30 września 2019

SOR potrzebuje naszej pomocy

Małgorzata Solecka

1 października. Sądny dzień na SOR. Wprowadzimy na każdym szpitalnym oddziale ratunkowym w kraju system klasyfikacji pacjentów, dzięki czemu pomoc najbardziej potrzebującym będzie udzielana niemal natychmiast, a standardy obsługi zostaną ujednolicone – obiecuje Prawo i Sprawiedliwość w swoim programie wyborczym.
Będzie „dobra zmiana”?

Zmiana na SOR wyprzedzi nawet wynik wyborów, bo nowe przepisy na największych oddziałach ratunkowych wchodzą w życie 1 października. Na razie budzą więcej niepokoju niż nadziei.

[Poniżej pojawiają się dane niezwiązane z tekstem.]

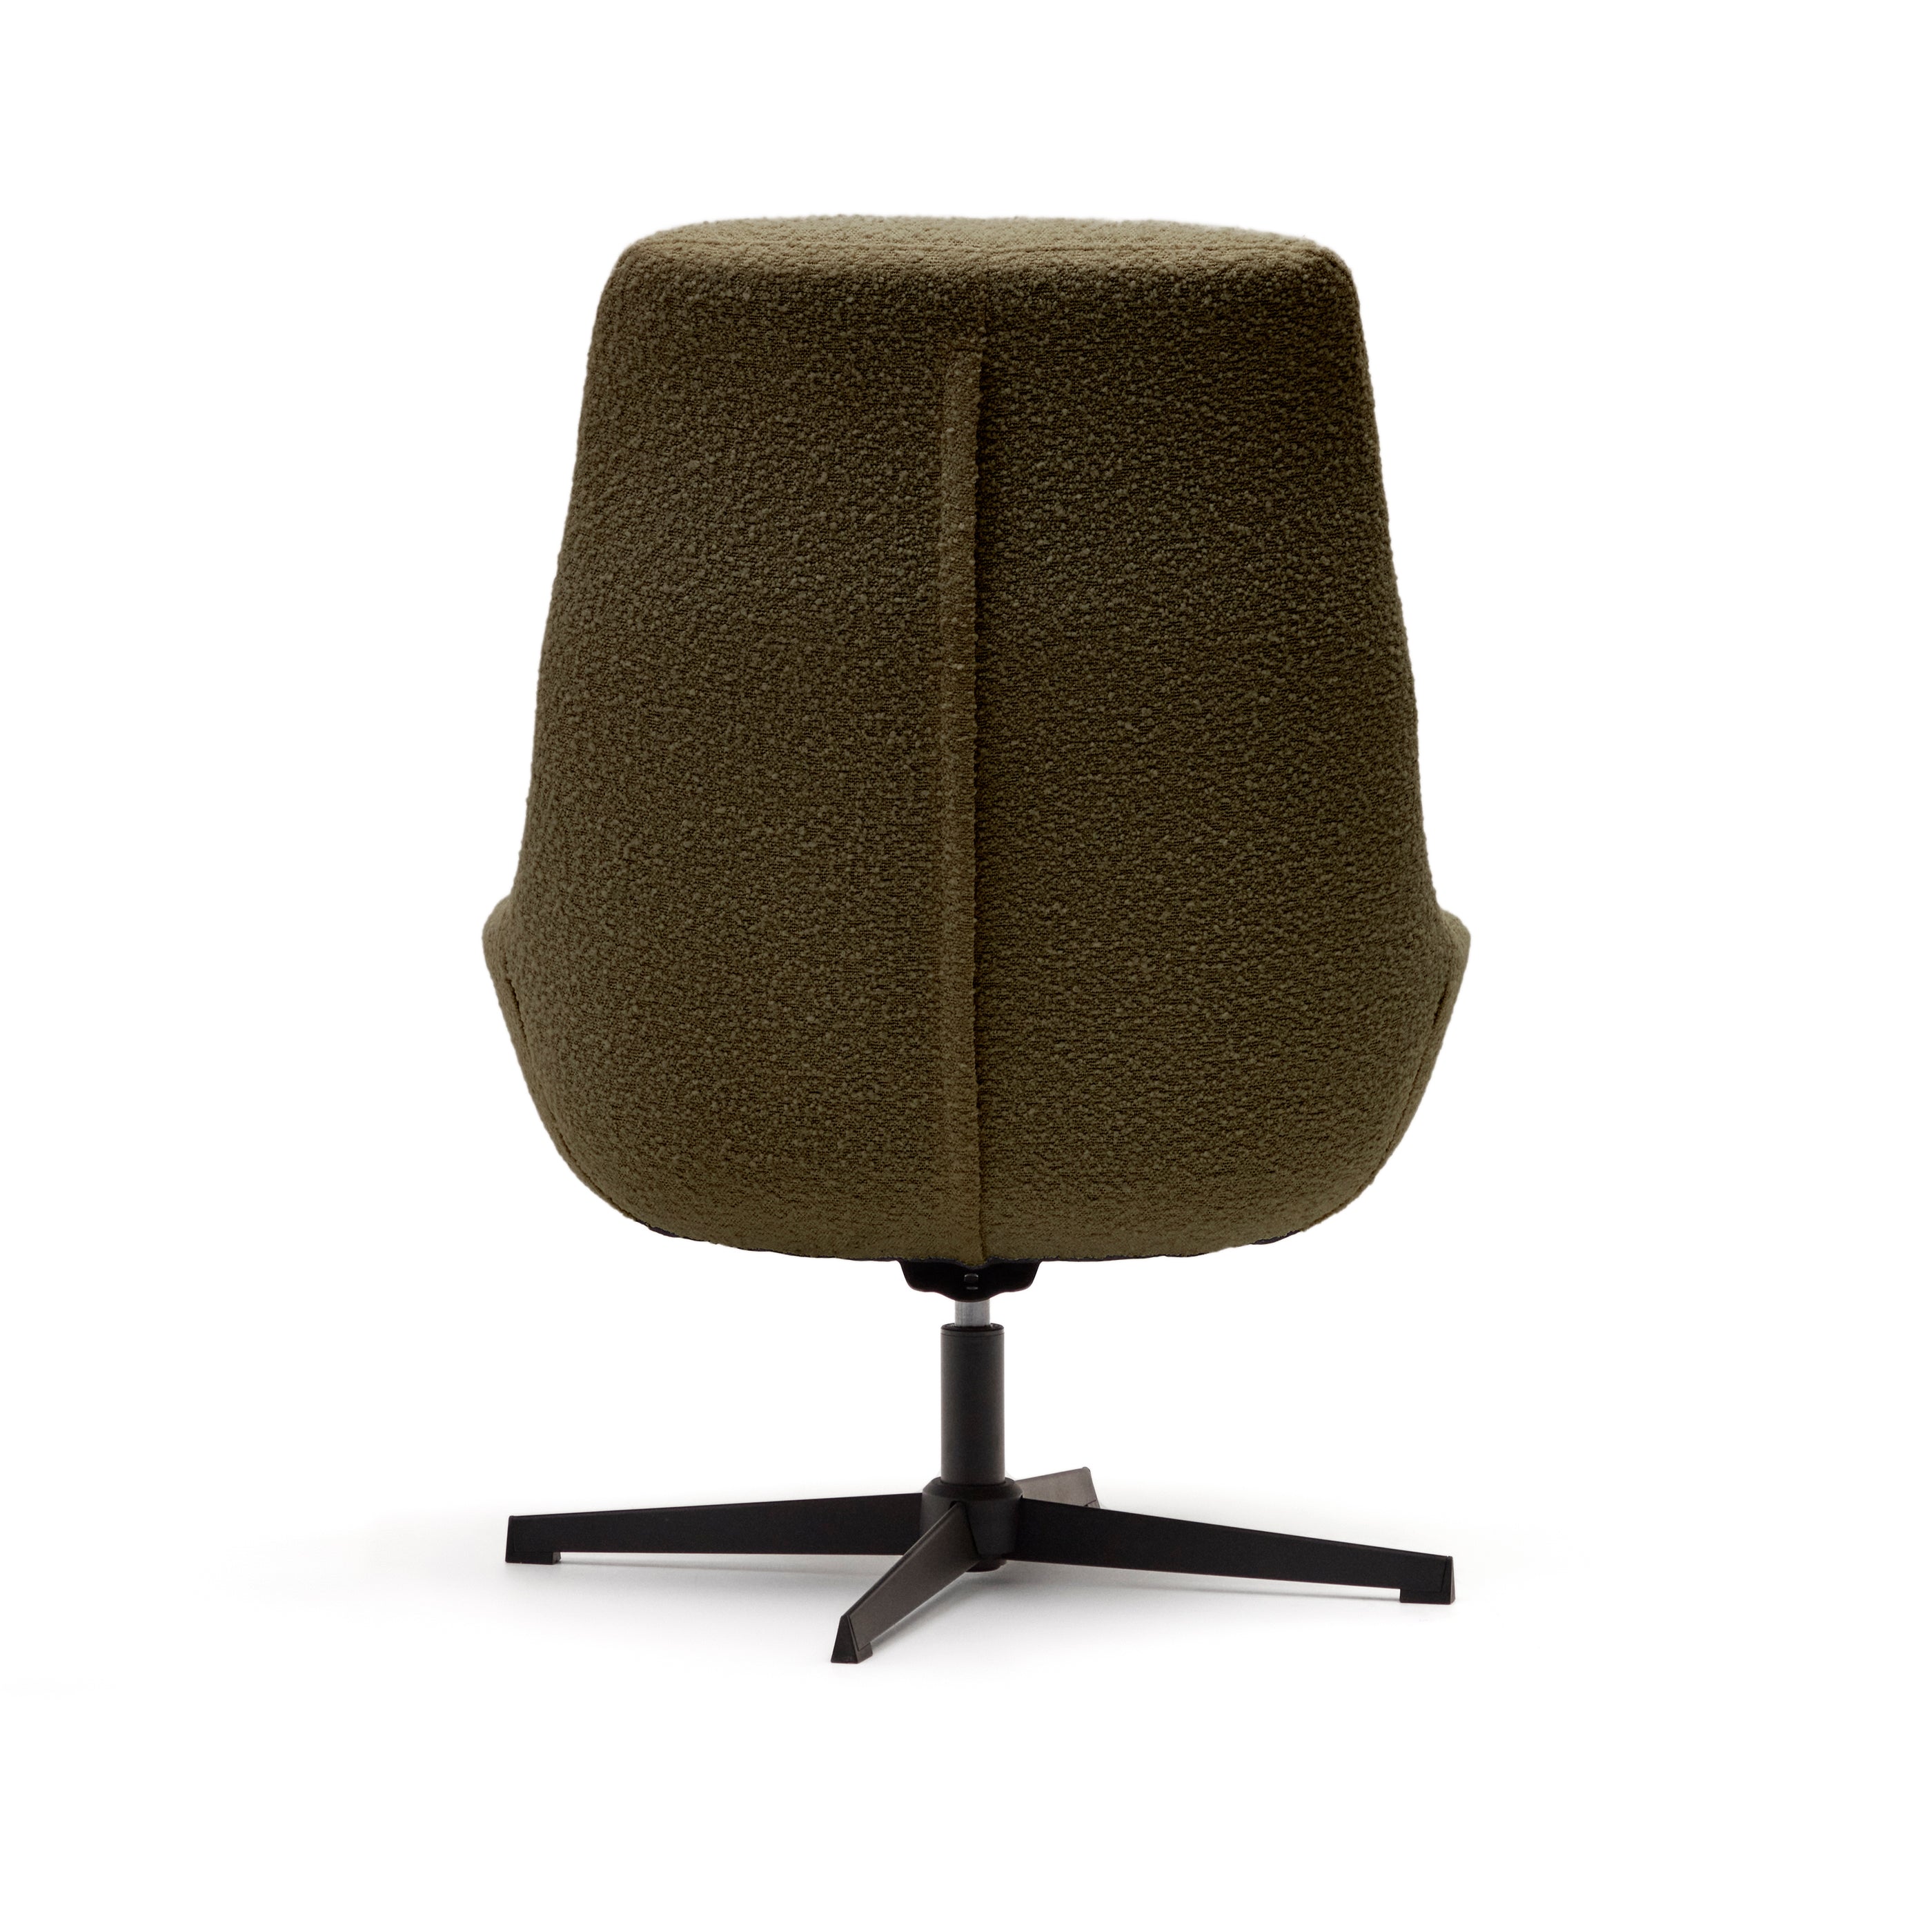 Celida swivel armchair in dark green shearling and steel with black finish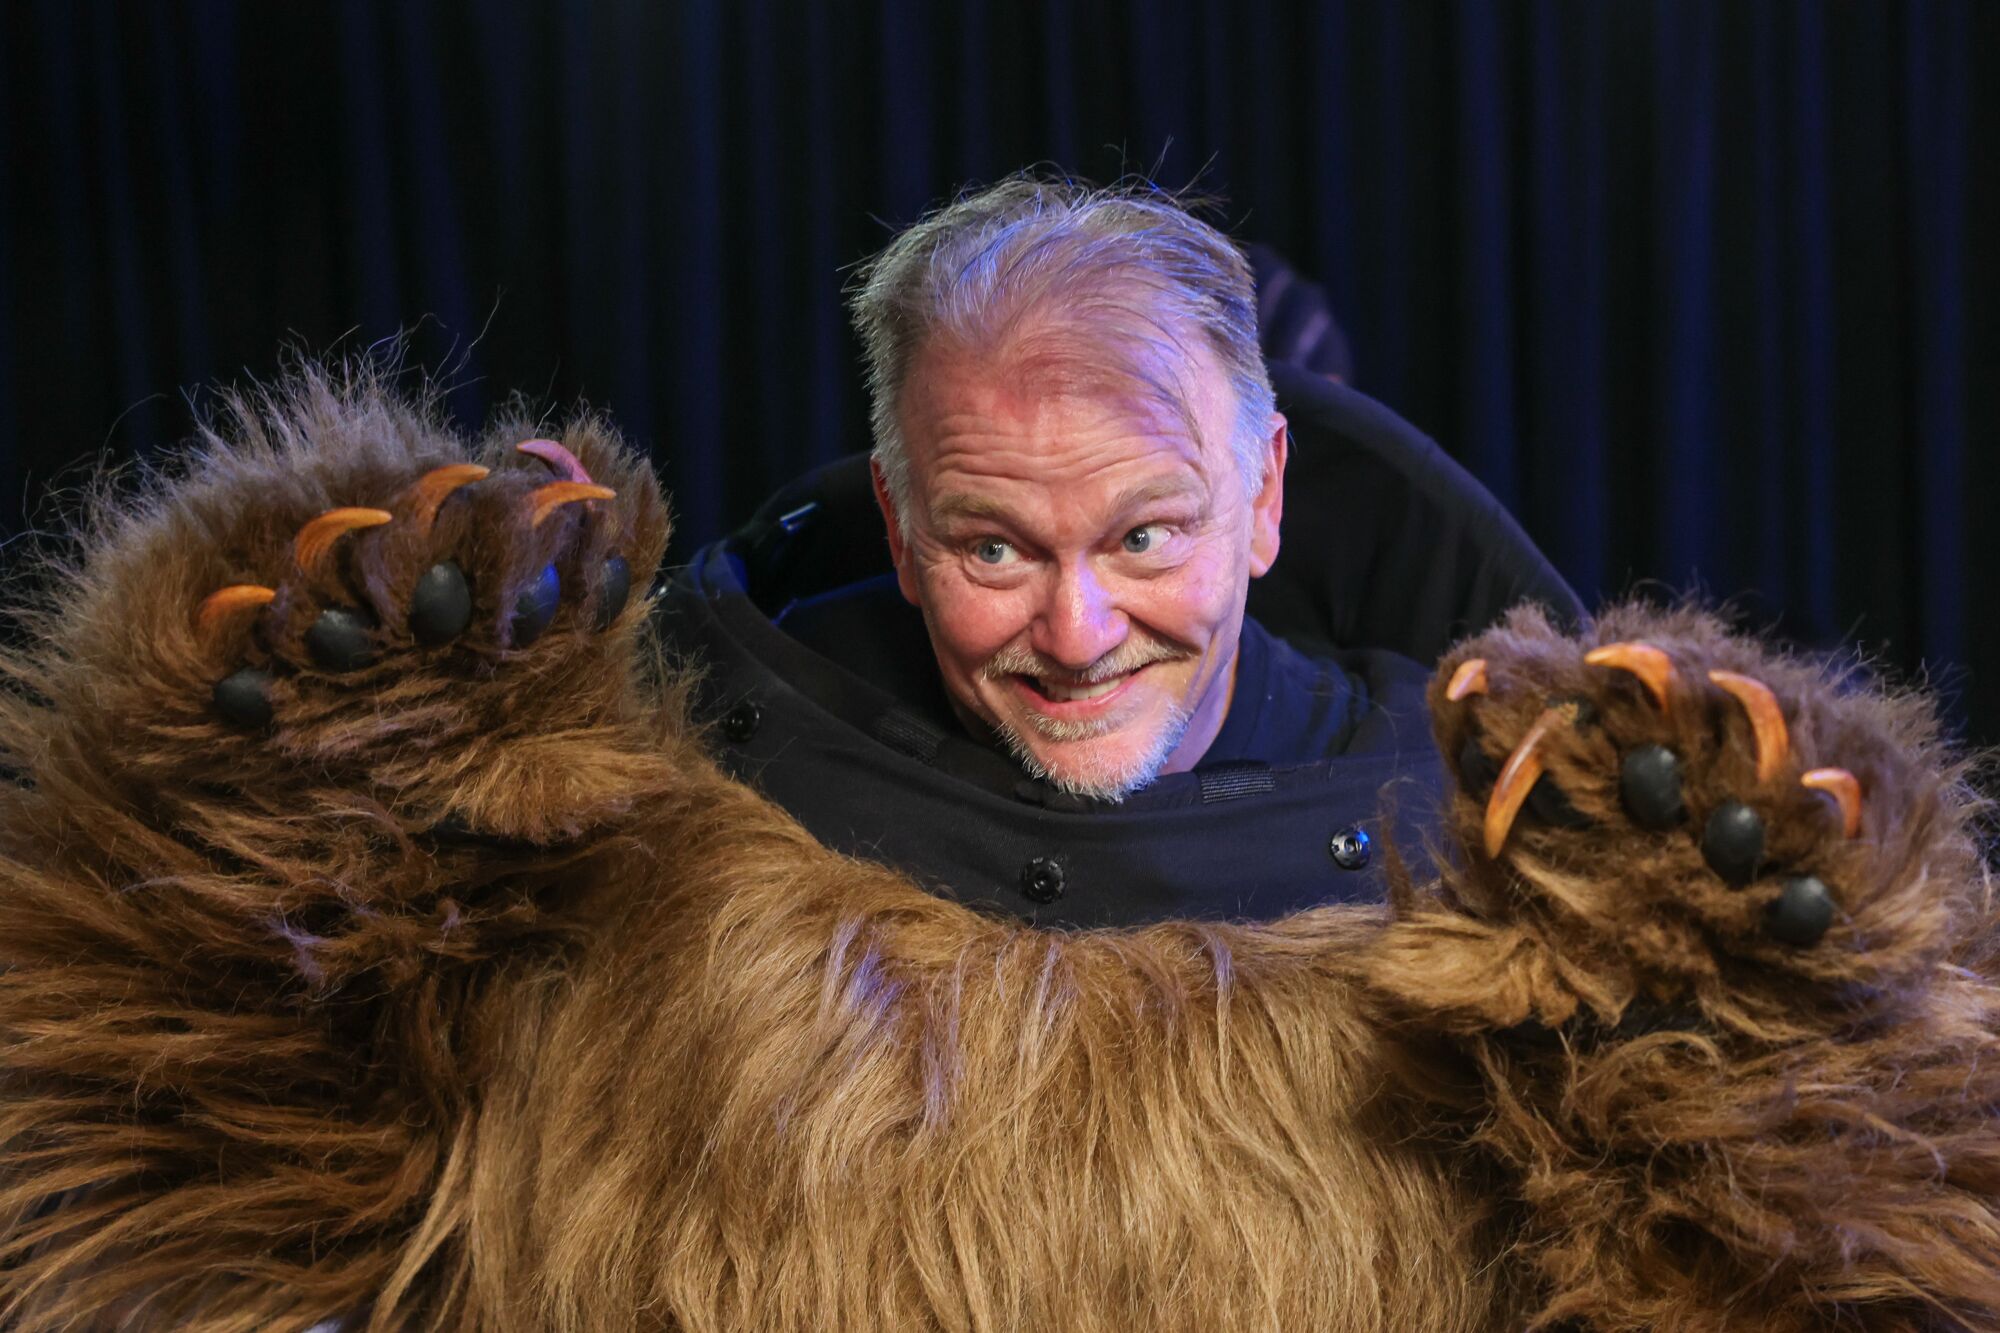 A man in a bear costume reveals his own head.

Co więcej, kluczowe dla funkcjonowania SOR problemy ani nie są, ani w najbliższej przyszłości nie będą rozwiązane.

Jakie zmiany wchodzą w życie 1 października? Po pierwsze, obowiązkowa segregacja medyczna pacjentów. Zainstalowany już system Tryb Obsługi Pacjenta SOR pomoże – twierdzi Ministerstwo Zdrowia – kierować chorymi na oddziale ratunkowym. Umożliwi też monitorowanie czasu oczekiwania pacjentów, czyli wyposaży Ministerstwo Zdrowia w szczegółowe dane, dotyczące zarówno średniego czasu oczekiwania, jak i czasu minimalnego oraz maksymalnego, w całym systemie oraz poszczególnych placówkach. Jednak resort podkreślał przede wszystkim, że informacje będą użyteczne dla pacjentów, którzy zyskają szansę sprawdzenia online, jaki jest czas oczekiwania na okolicznych SOR. O ile jednak w największych aglomeracjach taka informacja (przynajmniej w teorii) może być przydatna, o tyle trudno się spodziewać, by potrzebujący pomocy pacjenci spoza wielkich miast nie wybierali najbliższej placówki. Koszt wprowadzenia TOP SOR wynosi około 40 mln zł. Ostatecznie może okazać się wyższy, bo resort zapowiedział sfinansowanie również integracji systemu z systemami informatycznymi szpitali, a wielu lekarzy i dyrektorów zwracało uwagę na realny problem wynikający z konieczności posługiwania się dwoma niezależnymi systemami.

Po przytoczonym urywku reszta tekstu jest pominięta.